You can think of them as exploration mode and grounded mode. The same UI, the same streaming protocol, but very different control loops underneath.

The tool planner is the interesting part

Anyone can wire a function-calling loop. The reason most of them feel unreliable is that LLMs love to call the same tool twice, kick off three sequential calls in parallel, and burn their budget on redundant work.
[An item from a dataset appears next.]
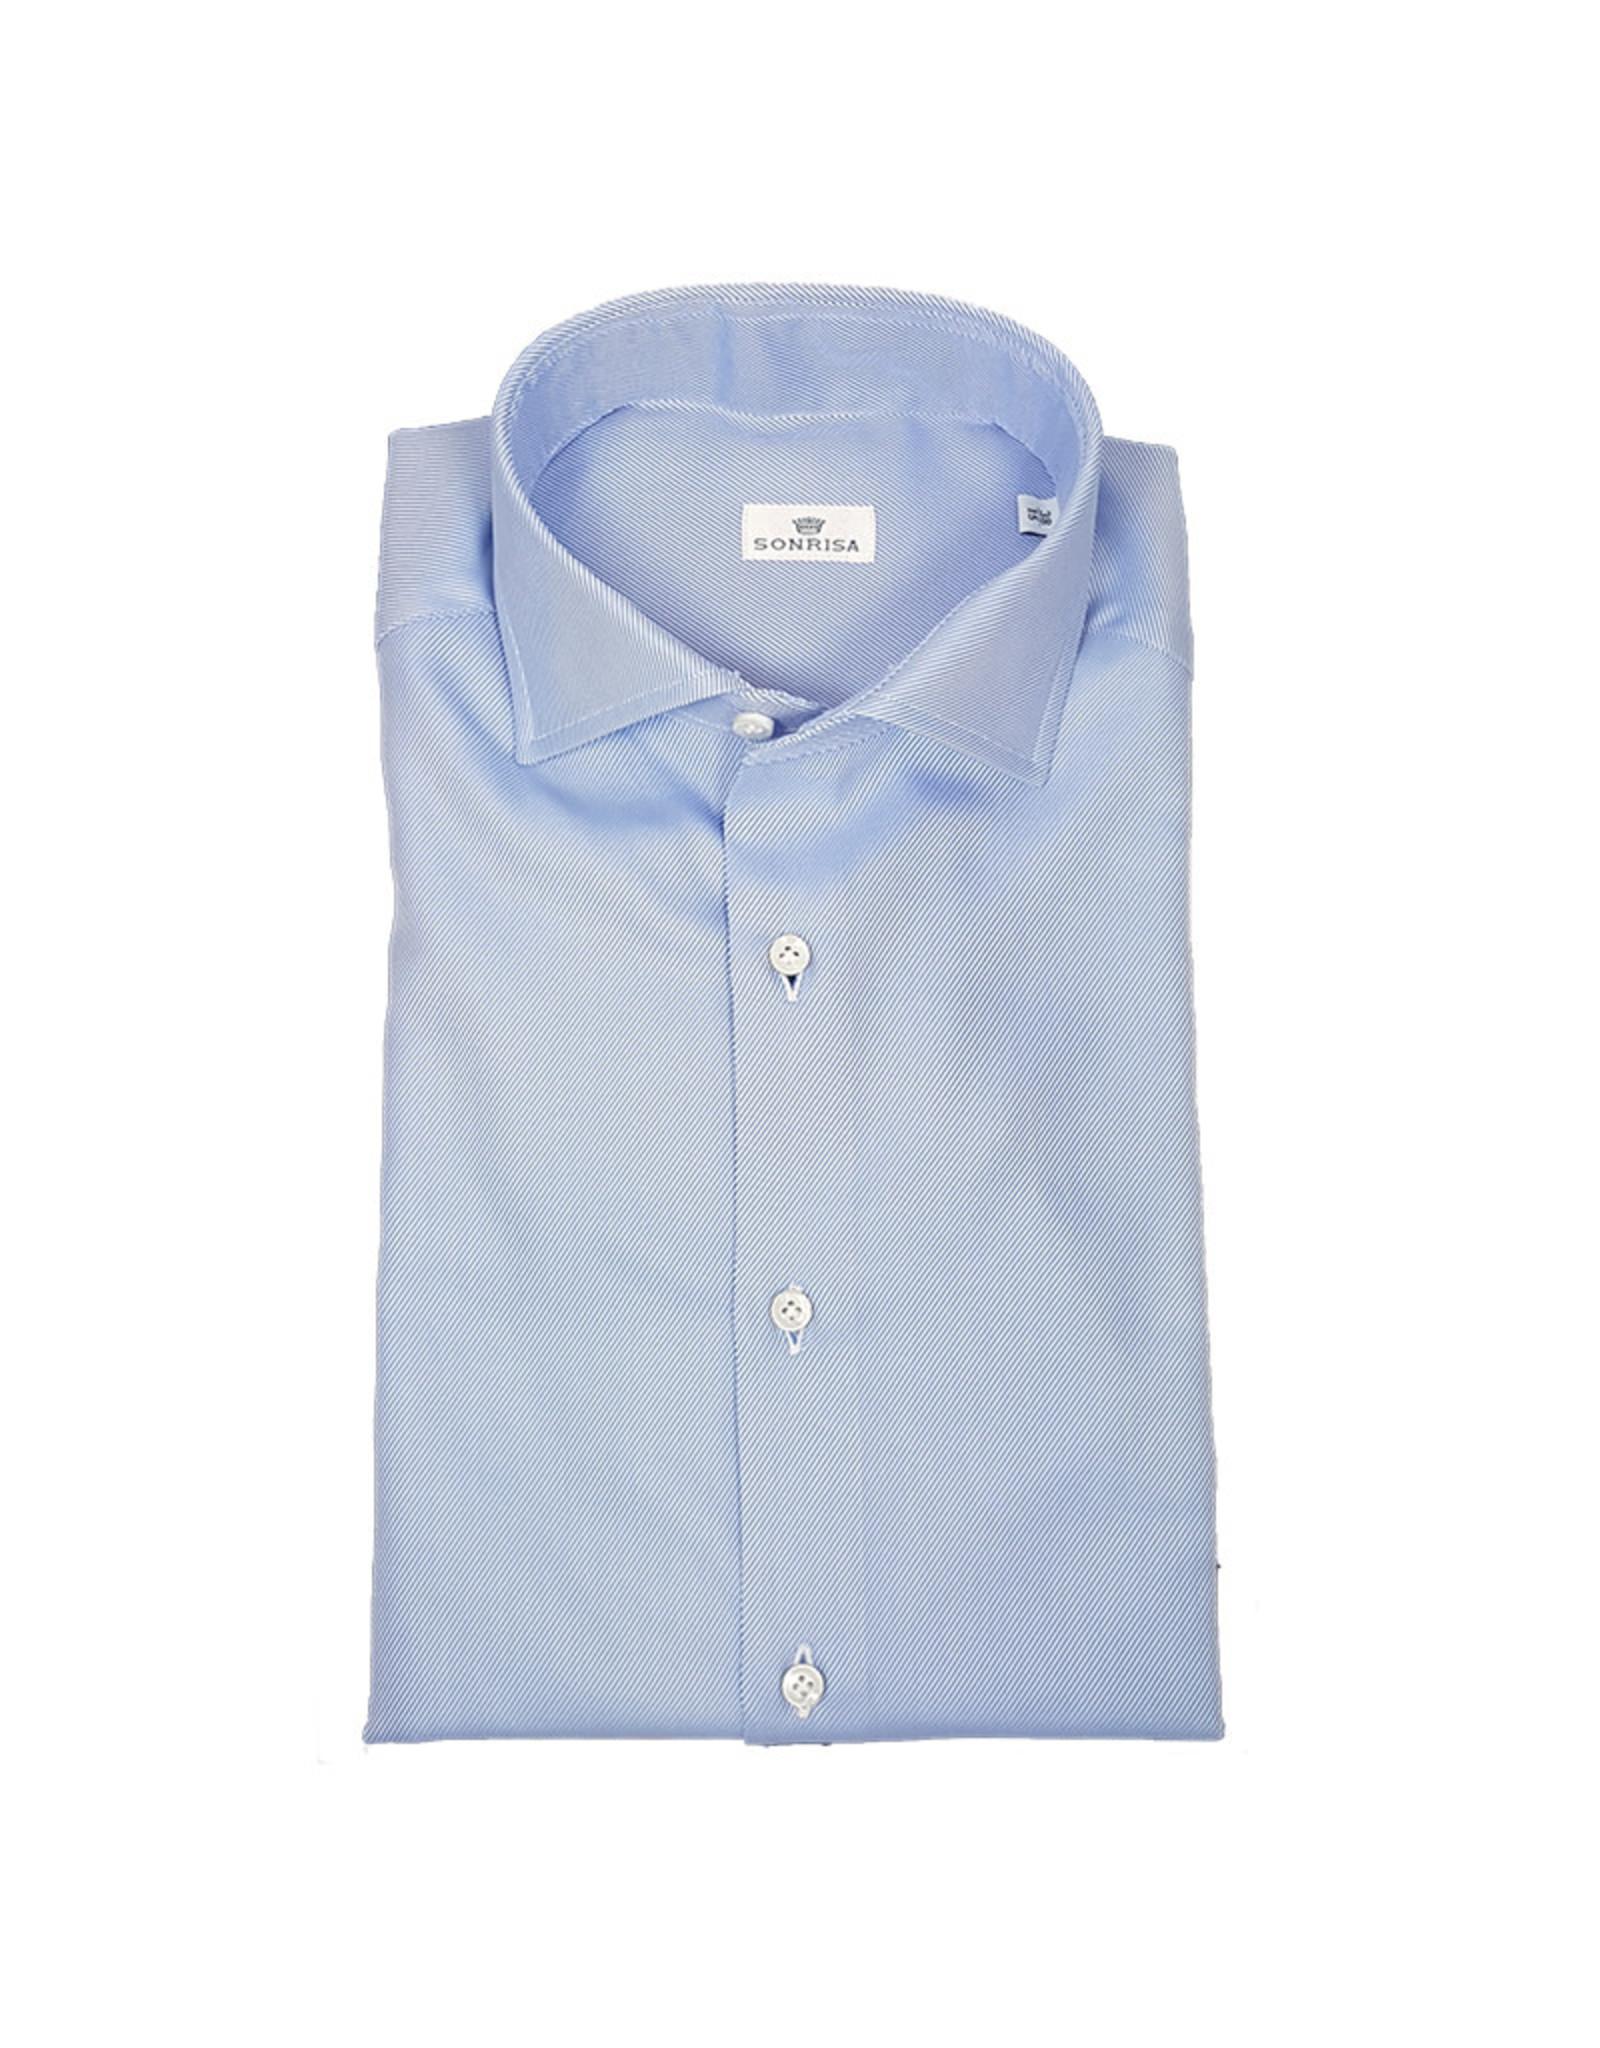 Sonrisa Sonrisa hemd blauw Slimline L1003/02
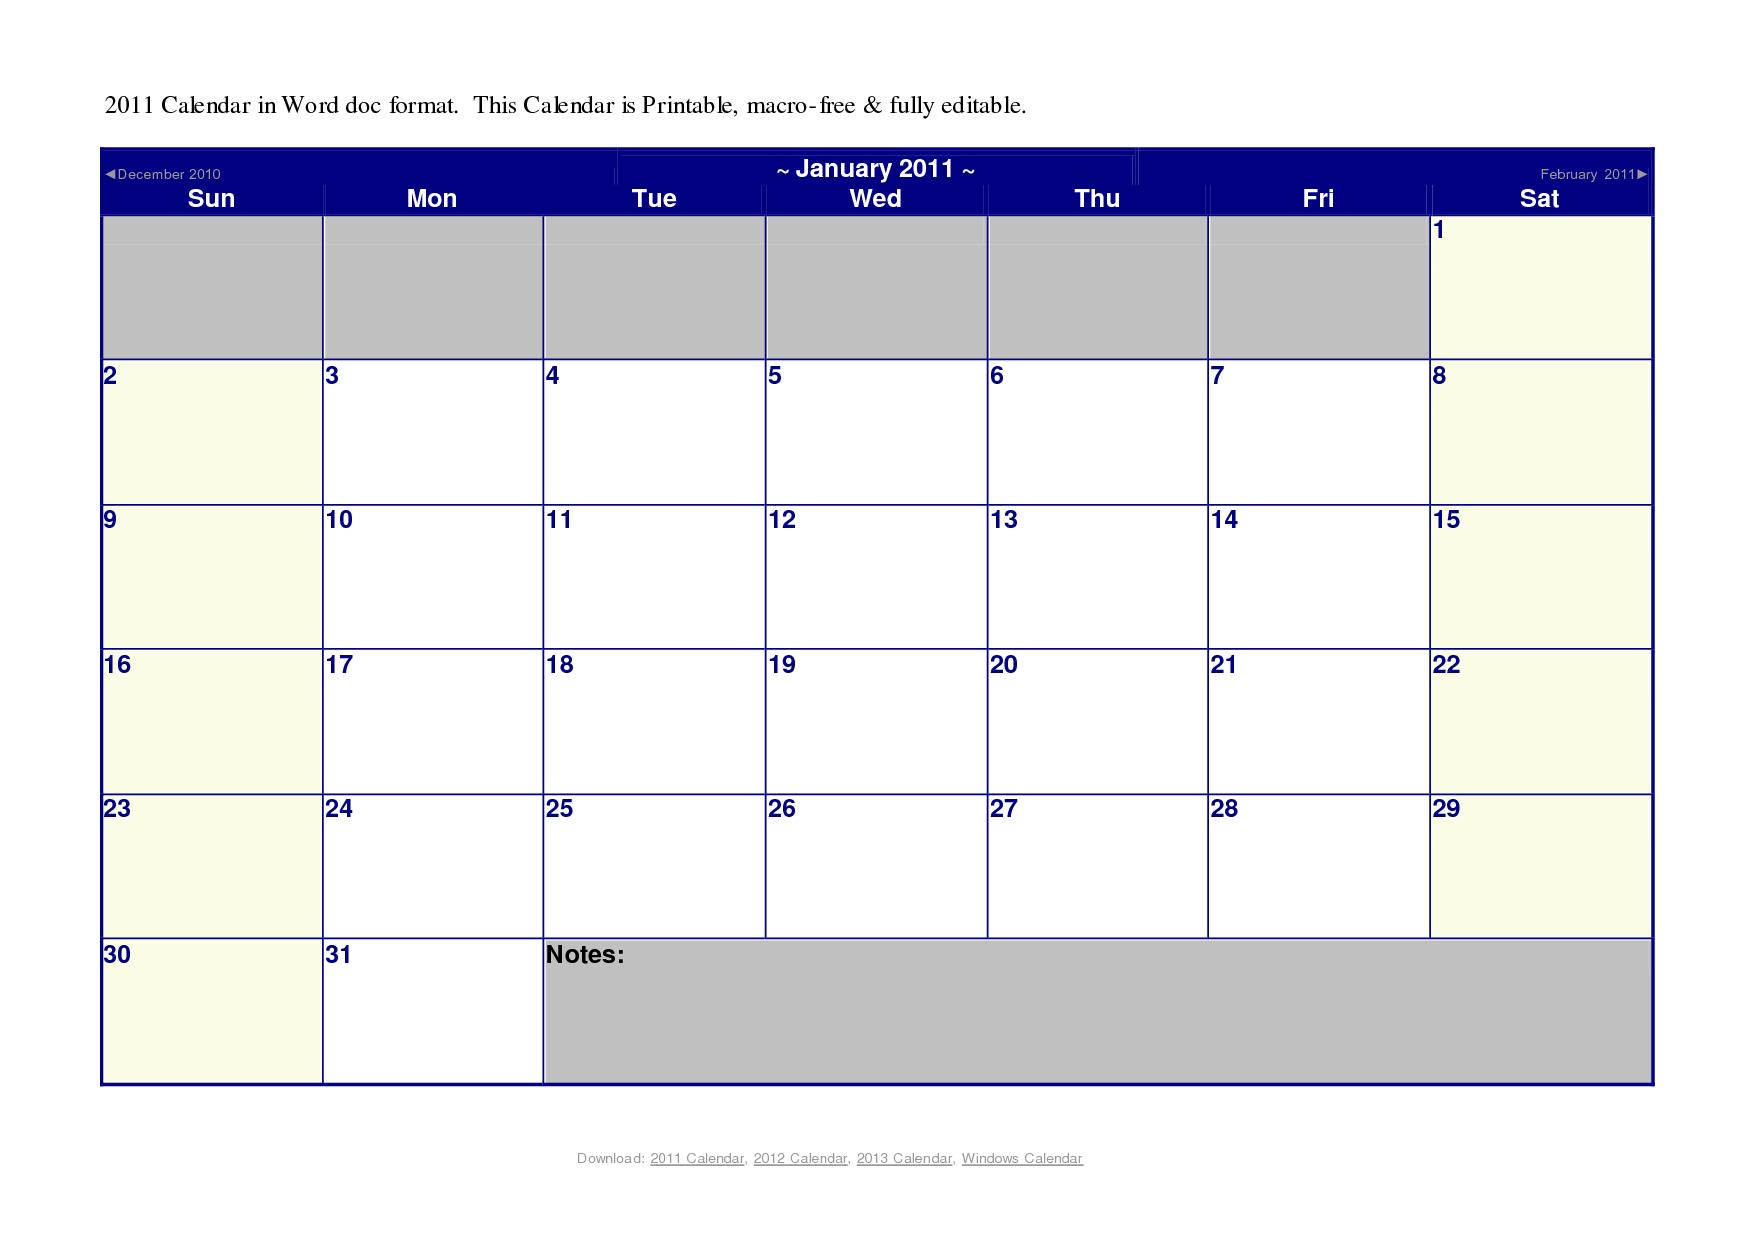 20 Microsoft Blank Calendar Template Images  Microsoft Word with regard to Microsoft Word Templates Calendar

The planner sits between the LLM's requested tool calls and the actual executors, and it makes three decisions:

Fingerprint and deduplicate. Each tool call is hashed by name plus its key arguments. If the same fingerprint already ran in this turn and no new evidence has come in since, the call is dropped before it executes.
Parallel vs sequential. Tools marked parallel_safe with requires_fresh_input=False can fan out concurrently. Anything that depends on the result of a previous call is serialised.
Budgets. The orchestrator caps reasoning steps, total tool calls, and parallel calls per step. When a budget trips, the planner forces a final answer rather than letting the model spin.

The budgets are real and they're tight: three reasoning steps, six total tool calls, three parallel calls per step in general chat; even tighter limits in project chat. If you exhaust them, _force_final_answer() strips the tool definitions, injects a "stop calling tools, answer with what you have" system message, and re-prompts. A second forced pass is harsher still. A third is a graceful fallback.

That tight ceiling is intentional. It's the difference between an agent that explores and one that wanders.

What's in the toolbox

Six tools are wired in today:

search — web search through Brave with an LLM-side summarisation pass so you don't get back a page of raw snippets.
query_db — natural language to SQL, executed against a Postgres database with a read-only role. Used for the demo dataset (Customers, Orders, Products, Reviews) but the schema is swappable.
browser_task — a real headless browser for pages that need interaction or that block static scrapers.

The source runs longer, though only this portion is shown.